= Shine (charity) =

Shine (a name derived from Spina bifida, Hydrocephalus, Information, Networking and Equality) (formerly known as ASBAH) is a UK registered charity providing information and advice about spina bifida and hydrocephalus to individuals, families and carers.

Their services are targeted towards:
- support to parents before and around the birth of their baby, or diagnosis of the disability
- support to the child and family on educational matters
- specialised information and help on health matters
- helping young people access services to progress towards control of their lives
- responding to the needs of adults with spina bifida and/or hydrocephalus.

They do this by employing a network of advisers throughout England, Wales and Northern Ireland who deliver advice, support and advocacy services. Their staff also include specialist advisers in education, health and continence management.

Shine works in partnership with a network of independent affiliated local associations to share information and promote good practice, and to deliver a range of support and specialist services.

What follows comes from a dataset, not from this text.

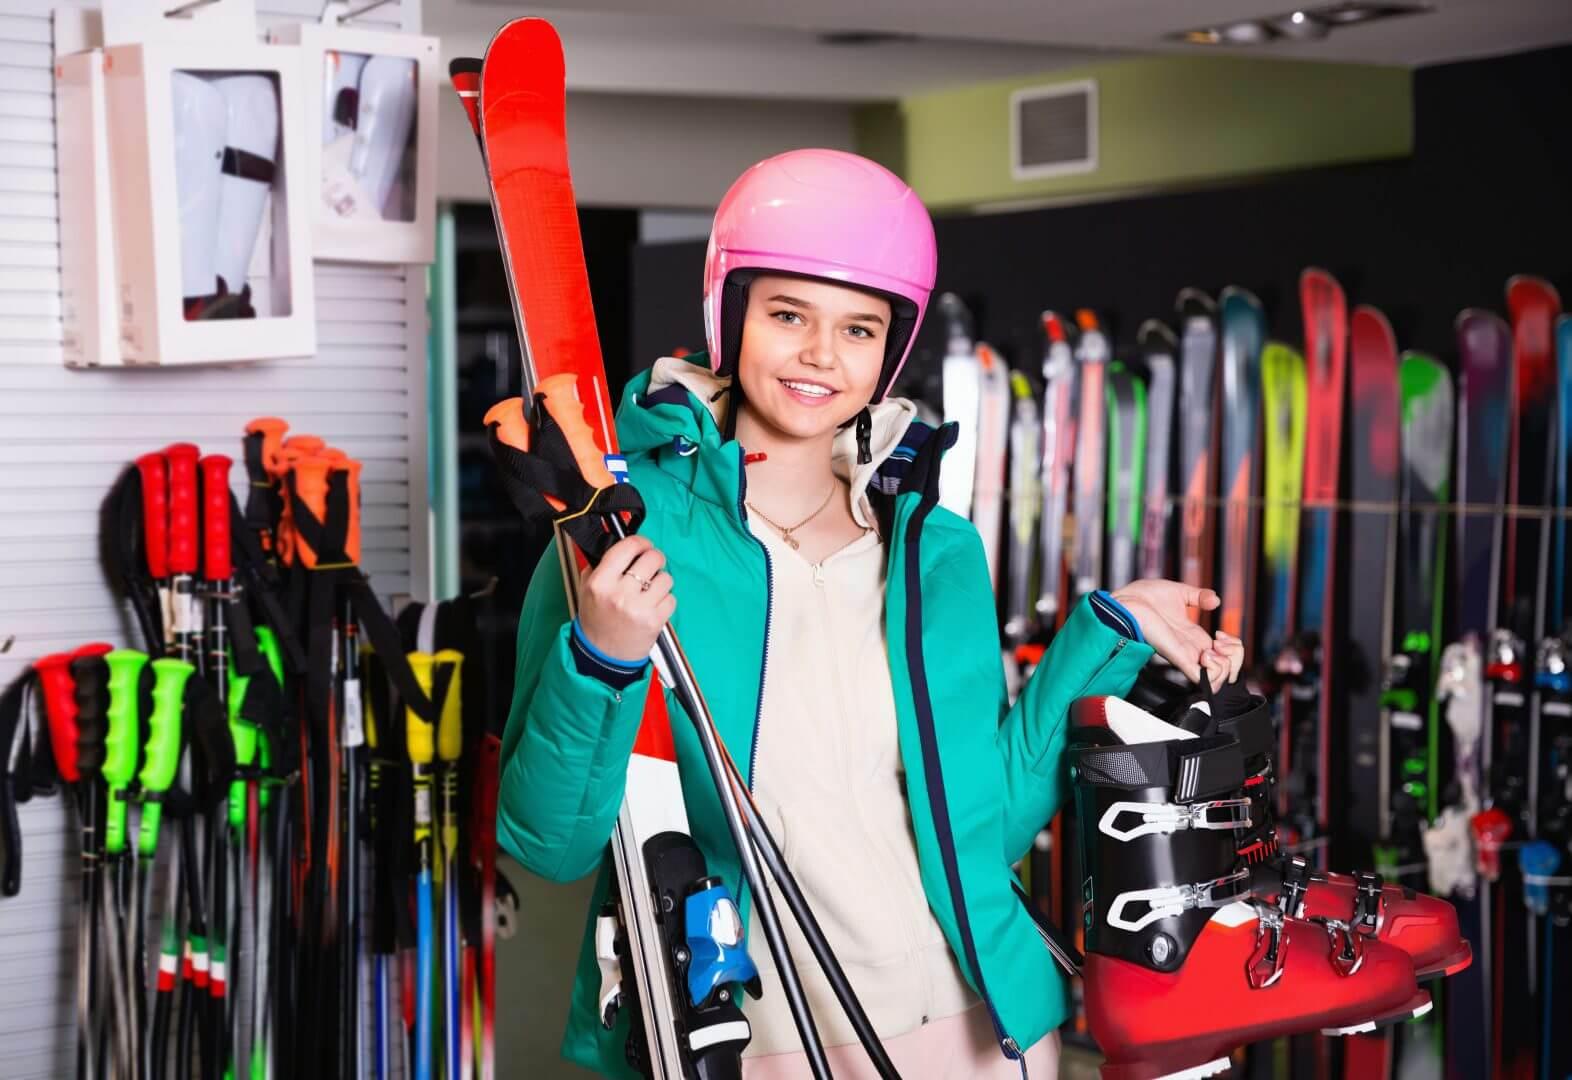 Jakie narty? Zadbaj o odpowiedni stój i sprzęt!
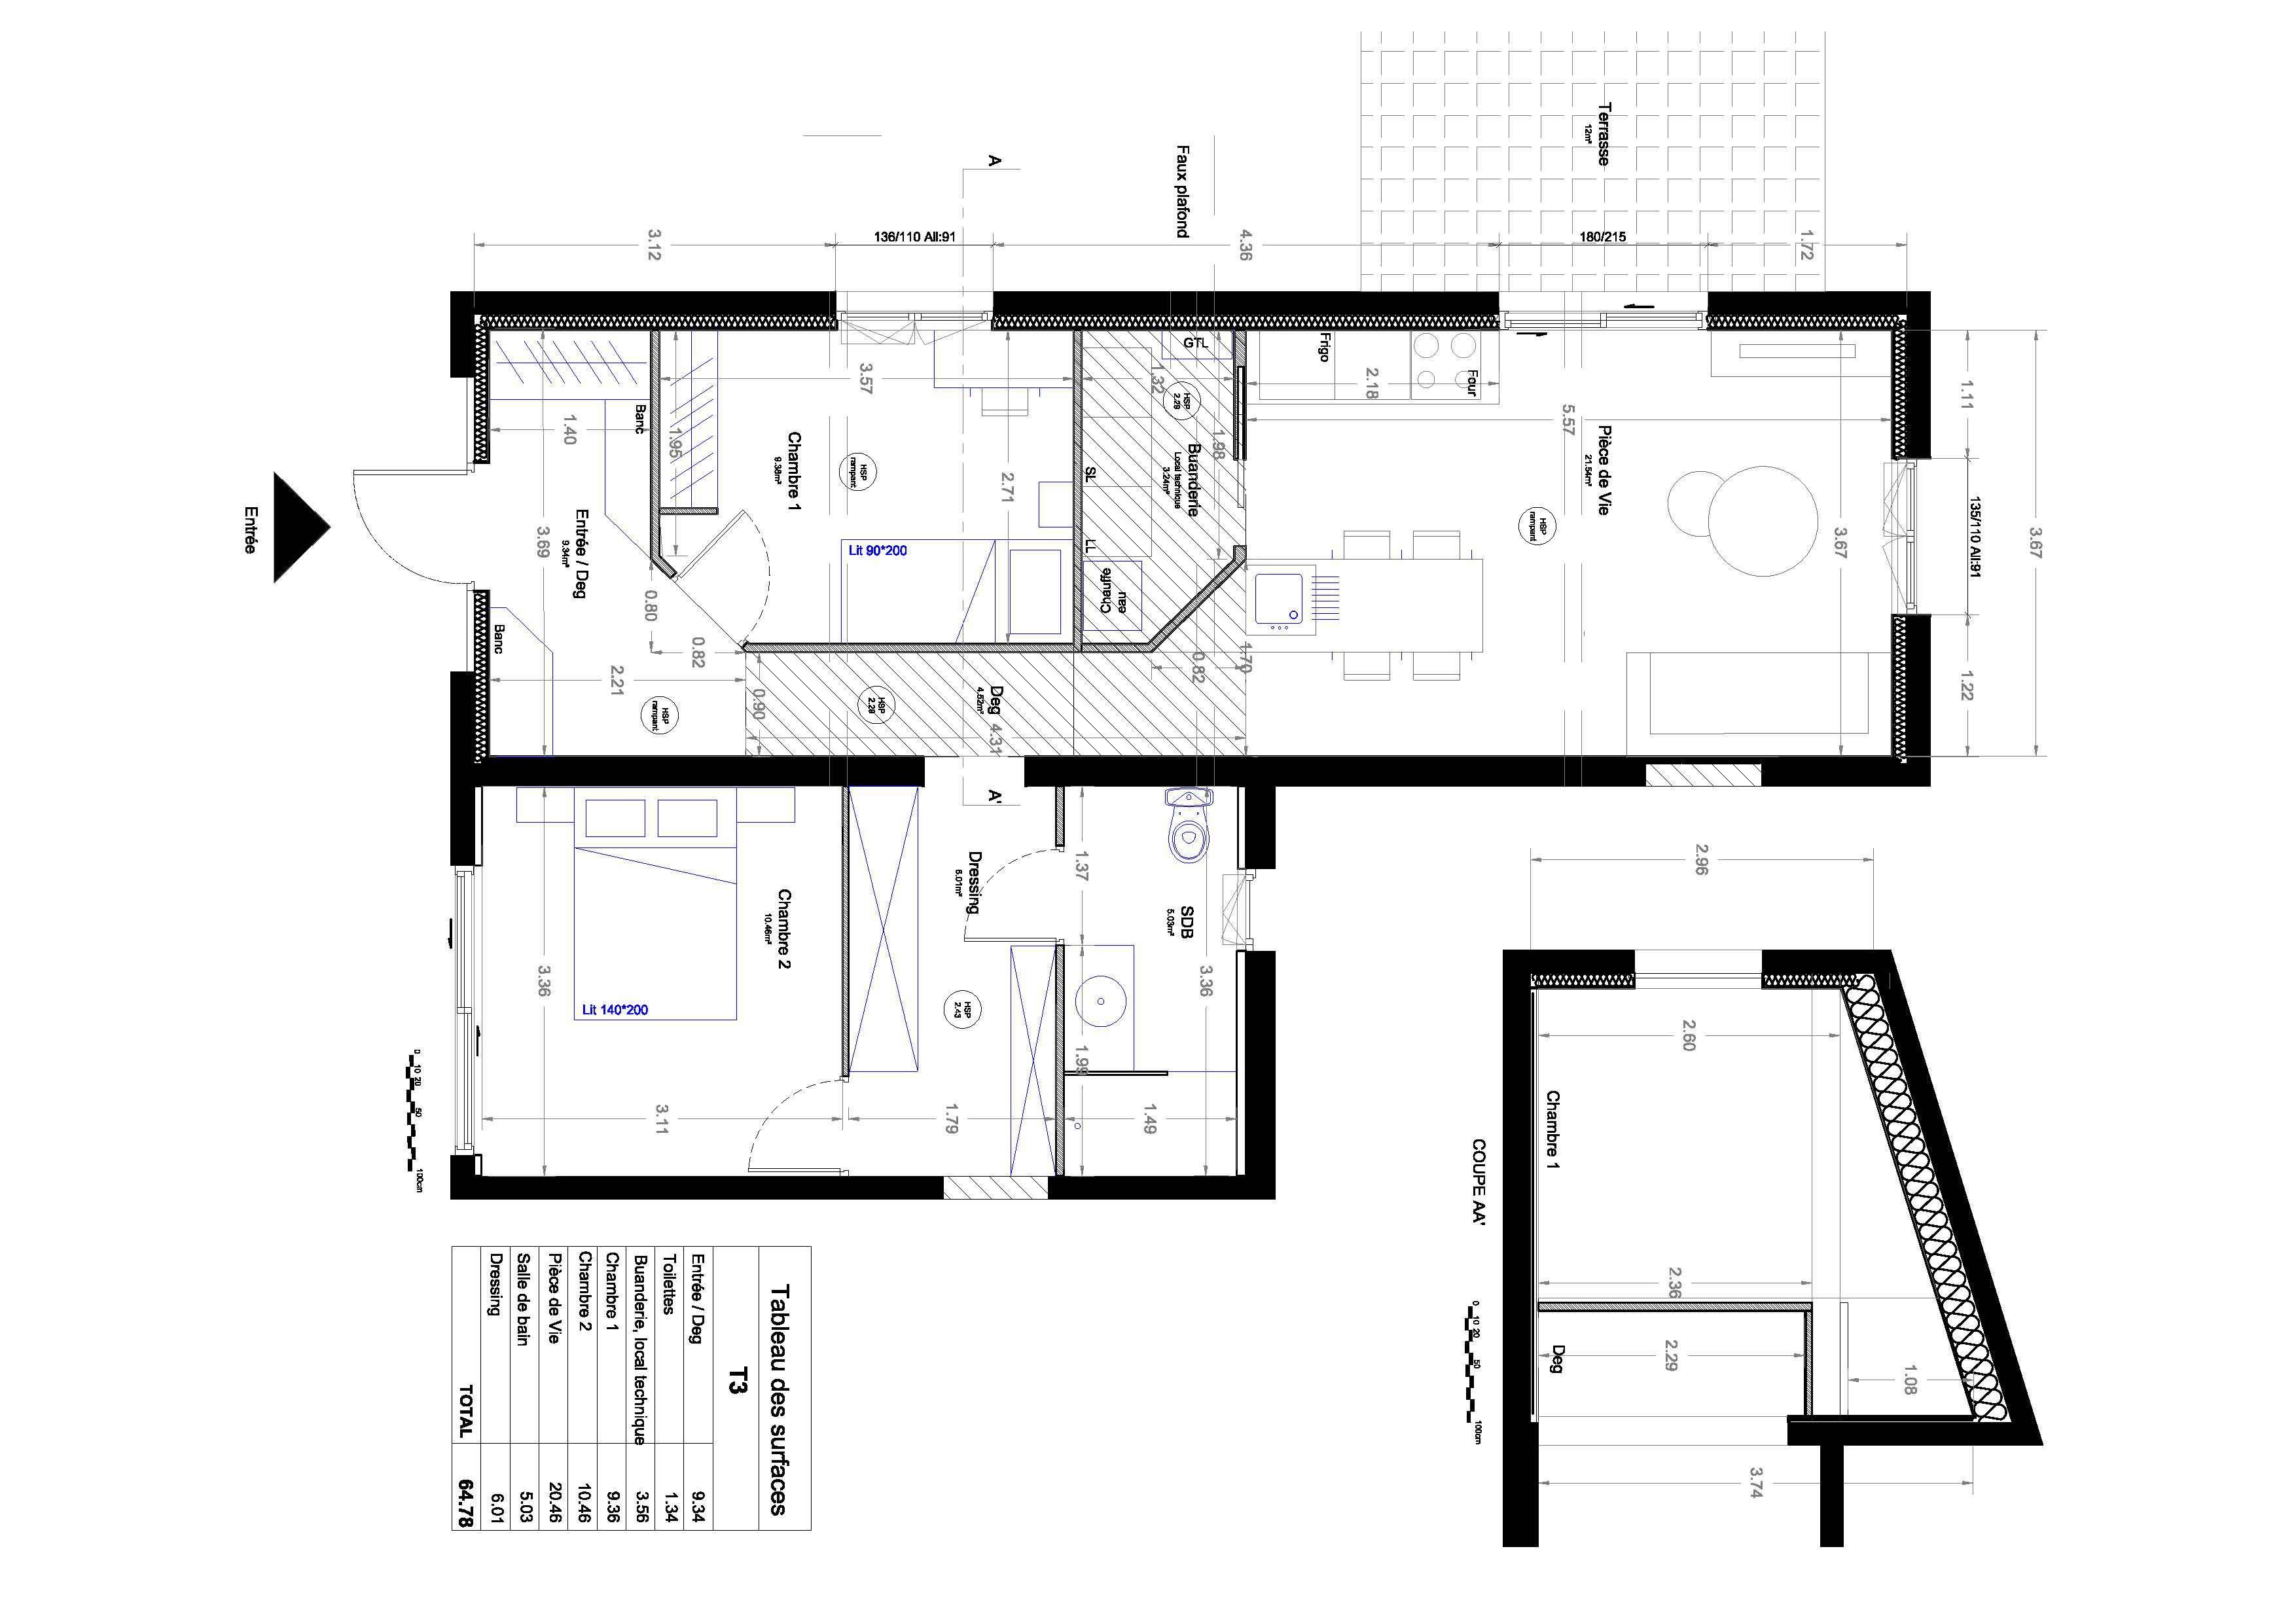 Plan petit logement - garage  21072020-page-001

Advisory committees for medical matters and education are composed of professionals from the relevant fields who offer guidance for ASBAH's services.

Shine's work is financed by voluntary donations, trading activities and grants from charitable and corporate trusts.

Conductor Jeffrey Tate, CBE, was ASBAH/ Shine president from 1989 until his death in 2017. In 2024, Kate Steele is the charity’s CEO.

Footballer Danny Mills has been a patron of Shine.